メジャーレーベルと契約していないミュージシャンは、ライヴができないとき、デジタル放送の時間を確保するためにメジャーなアーティストと戦う代わりに、カセットテープを配るようになりました。大物アーティストもこの流れに注目するように、パンデミックが始まってからは、レディー・ガガ、ビリー・アイリッシュ、テイラー・スウィフトなどのミュージシャンがカセットテープで自分たちの音楽をリリースするようになりました。今では、メジャーな映画のサウンドトラックもカセットテープとして店頭に並んでいます。

その結果、ナショナル・オーディオ・カンパニーの売上高は、会社設立以来の最高記録を更新しています。

社長のスティーヴ・ステップは現在のカセットオーディオの最大の消費者層は35歳以下で、デジタルミュージック世代の一員だと指摘しています。

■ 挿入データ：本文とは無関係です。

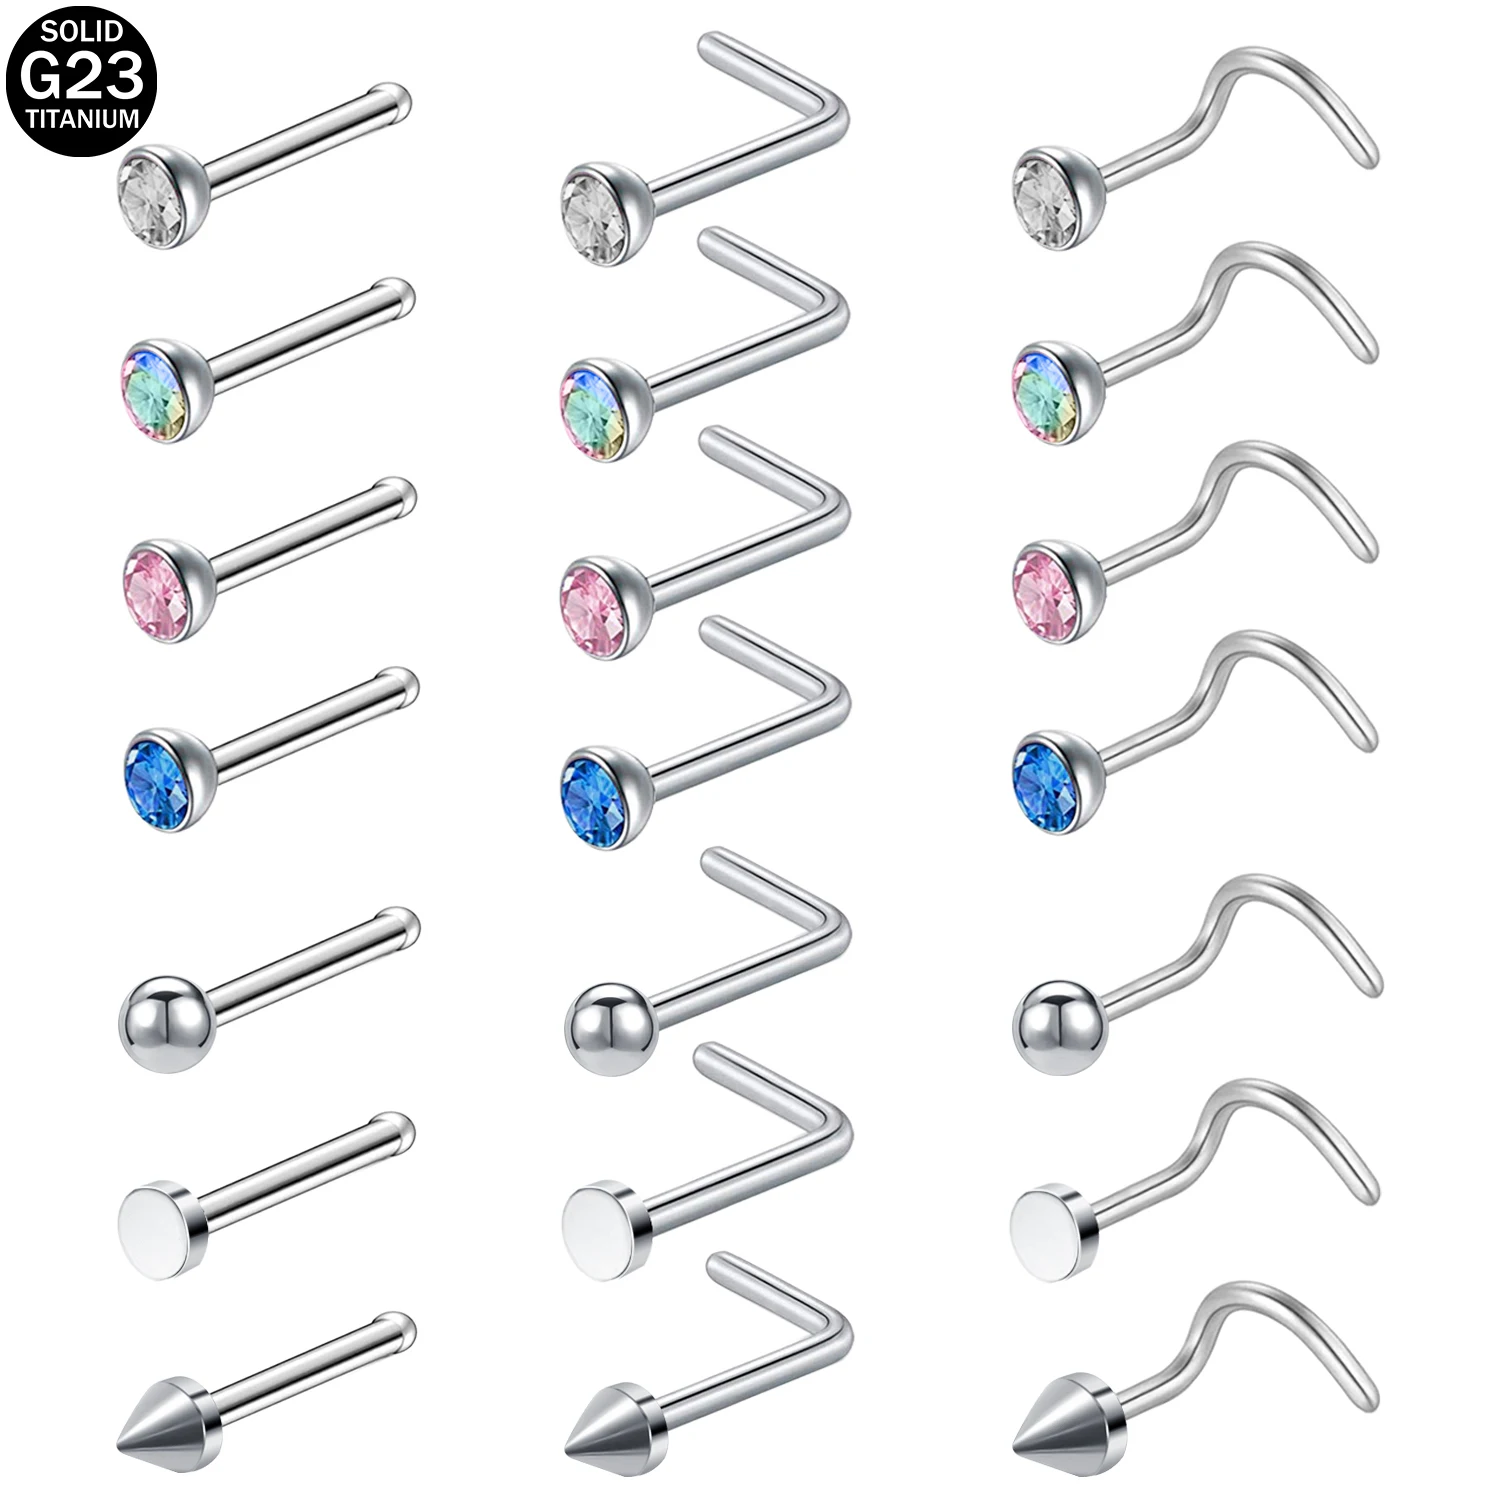 ZS 3-4pcs/lot G23 Titanium Nose Piercing Set 2/3MM Round CZ Crystal Nose Studs 20g Screw Bone L-Shaped Nostril Piercing Jewelry

「耳はアナログなのです。取り巻く世界もアナログ。音楽を聴くとき、それが実際のアーティストやバンド、オーケストラの演奏であれば、各ミリ秒ごとにあらゆるレベルの周波数が聴こえてきます。耳はそれを聴くようにできています。それをハーモニクスと呼ばれています。しかし、デジタル録音では、ハーモニクスはありません。各ミリ秒ごとの支配的な周波数を聴いているのです」

「音楽をダウンロードするとき、手元には何もありません。携帯電話か何かで再生されます。多少のお金を払っていても、自分が何かを所有しているという感覚はありません。机の上に置くこともできないし、友達と交換することもできない。一方でオーディオカセットは、目に見えるものを与えてくれる。私はこれを買った、私はこれを所有している、もし誰かにあげたり、交換したりしたければ、そうすることができるのです」

テープがどのように作られているかを見てみたいという方のために、ナショナル・オーディオ・カンパニーでは、135,000平方フィートの工場をリクエストに応じて無料で見学できるツアーを実施しています。2週間に1度、10人から20人のグループを対象に、ガイドが工場見学のように案内しています。